Cholesterol Lowering Atherosclerosis Study (I and II) - CLAS I AND II


Colestipol plus niacin for atherosclerosis progression after CABG surgery.


Lowering blood cholesterol has directly beneficial effects on human atherosclerotic lesions.

Study Design

Study Design:

Patients Screened: Not given
Patients Enrolled: 265
Mean Follow Up: 2 years for CLAS I; 4 years for CLAS II
Mean Patient Age: 54.2
Female: 0

Patient Populations:

Nonsmoking men, 40 to 59 years of age
Progressive atherosclerosis, confirmed through angiographic review
CABG not involving valve replacement at least 3 months before start of study
Fasting blood cholesterol levels at entry in the range of 185-350 mg/dl


Bilateral femoral artery surgery
Diabetes mellitus
Hypertension (diastolic blood pressure > 115 mm Hg)
Thyroid disease
Renal insufficiency
Fasting blood triglyceride levels > 500 mg/dl
Congestive heart failure
Major arrhythmia
QRS width exceeding 0.12 s
Weight exceeding 1.5 times ideal weight as determined by MRFIT criteria

Primary Endpoints:

Global coronary change score

Secondary Endpoints:

Per-lesion treatment effects in native coronary arteries and bypass grafts

Drug/Procedures Used:

Both groups: lipid-lowering diet intervention, more stringent in test drug group than placebo group to enhance the differential in blood cholesterol response between the groups.
Study drug group: Colestipol hydrochloride, 15g bid, and niacin, 3-12 g/day (as 3 divided doses).

Concomitant Medications:

Aspirin, 325 mg before breakfast for the first 14 days. No lipid-lowering agents except study medications were allowed, nor were anticoagulants or platelet-active drugs.

Principal Findings:

After 2 years, there was a 26% reduction in total plasma cholesterol, a 43% reduction in low-density lipoprotein cholesterol, plus a simultaneous 37% elevation of high-density lipoprotein cholesterol.

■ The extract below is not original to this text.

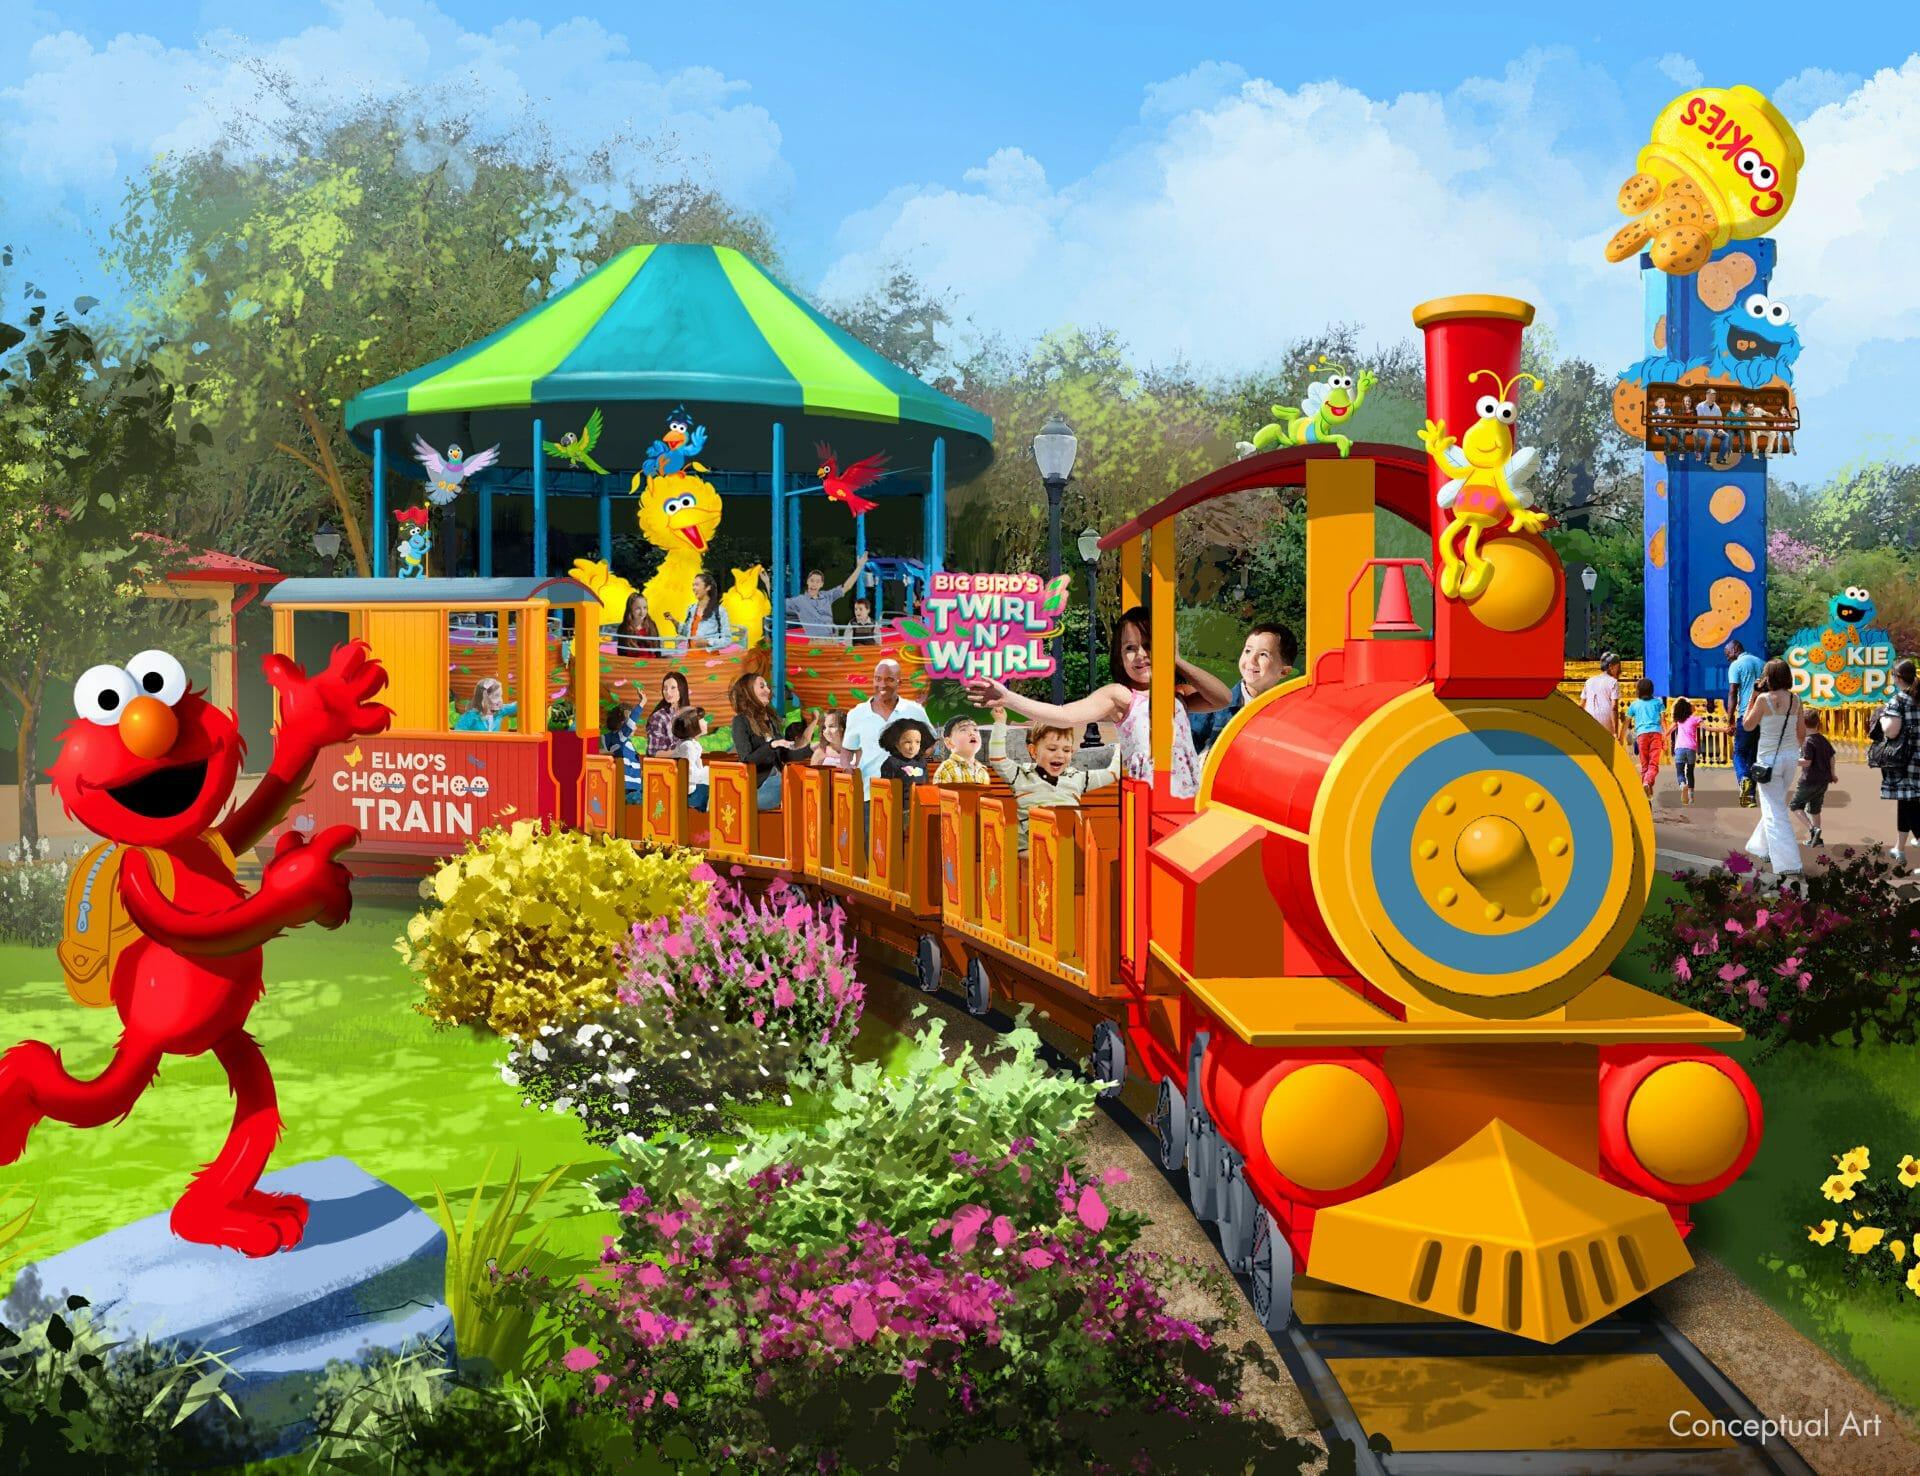 Sesame Street is Turning 50 at SeaWorld Orlando

This resulted in a significant reduction in the average number of lesions per subject that progressed (p < 0.03) and in the percentage of subjects with new atheroma formation (p <<0.03) in native coronary arteries.

The percentage of subjects with new lesions (p < 0.04) or any adverse changes in bypass grafts (p< 0.03) was significantly reduced.

Deterioration in overall coronary status was significantly less in drug-treated subjects than placebo-treated subjects (p < 0.001).

Atherosclerosis regression, as indicated by perceptible improvement in overall coronary status, occurred in 16.2% of drug-treated vs 2.4% of placebo treated patients (p=0.002)

CLAS II subgroup
Changes in blood lipid, lipoprotein-cholesterol, and apolipoprotein levels were maintained.

Significantly more drug-treated subjects than placebo-treated subjects demonstrated nonprogression (52% vs 15%) and regression (18% vs 6%) in native coronary lesions.

Significantly fewer drug-treated subjects than placebo-treated subjects developed new lesions in native coronary arteries (14% vs 40%) and bypass grafts (16% vs 38%).


Combined therapy with colestipol plus niacin can provide significant benefits in nonsmoking men. However, we caution that the aggressive regimen used in this study requires close supervision because of recognized side effects caused by the use of colestipol plus niacin. The CLAS II study reaffirms the benefits of early initiation of vigorous long-term lipid lowering therapy in coronary bypass subjects.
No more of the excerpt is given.